══ Exercise inputs

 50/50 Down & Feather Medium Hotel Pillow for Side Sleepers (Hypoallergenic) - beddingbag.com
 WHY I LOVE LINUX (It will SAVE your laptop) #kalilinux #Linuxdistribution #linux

════
══ Exercise inputs

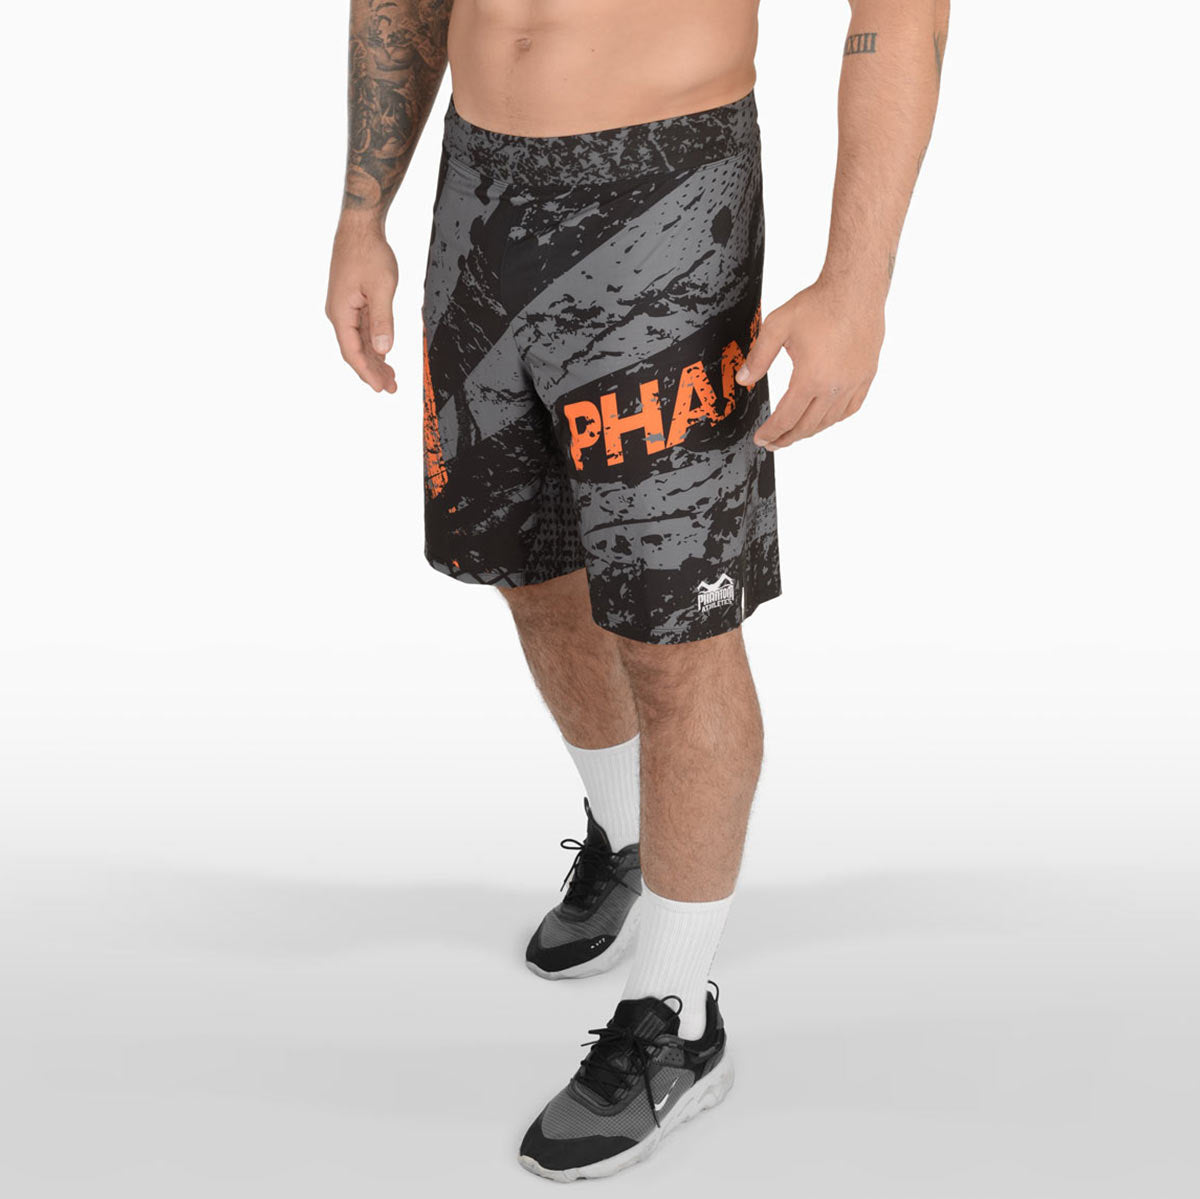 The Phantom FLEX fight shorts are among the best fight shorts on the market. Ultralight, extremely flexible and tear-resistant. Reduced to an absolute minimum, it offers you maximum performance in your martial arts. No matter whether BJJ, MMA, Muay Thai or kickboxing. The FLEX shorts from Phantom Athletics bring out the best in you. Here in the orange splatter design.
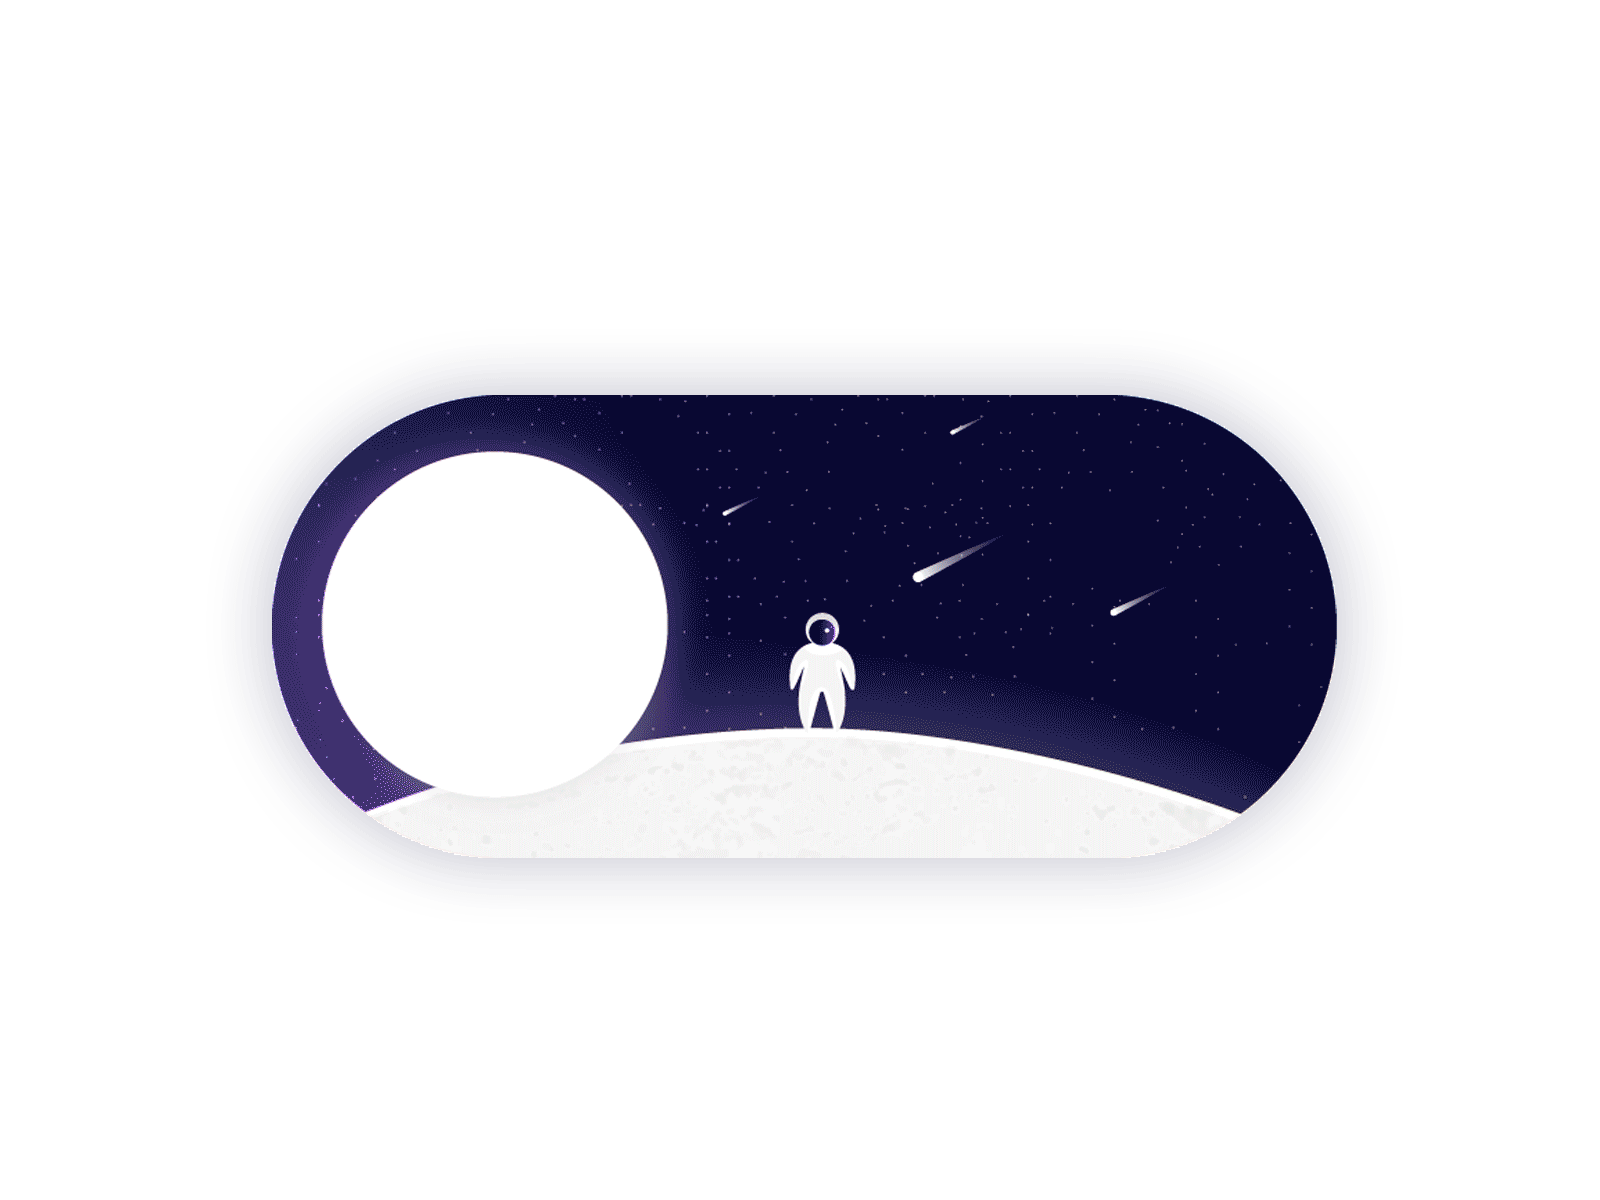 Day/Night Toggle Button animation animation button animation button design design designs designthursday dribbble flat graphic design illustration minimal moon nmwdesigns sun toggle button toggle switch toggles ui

════

*Your task:*
Working from the data above, extract solely the lines from the one containing "50/50 Down &" through the one containing "WHY I LOVE LINUX", exactly as they appear, both included.

*Task answer:*
 50/50 Down & Feather Medium Hotel Pillow for Side Sleepers (Hypoallergenic) - beddingbag.com
 WHY I LOVE LINUX (It will SAVE your laptop) #kalilinux #Linuxdistribution #linux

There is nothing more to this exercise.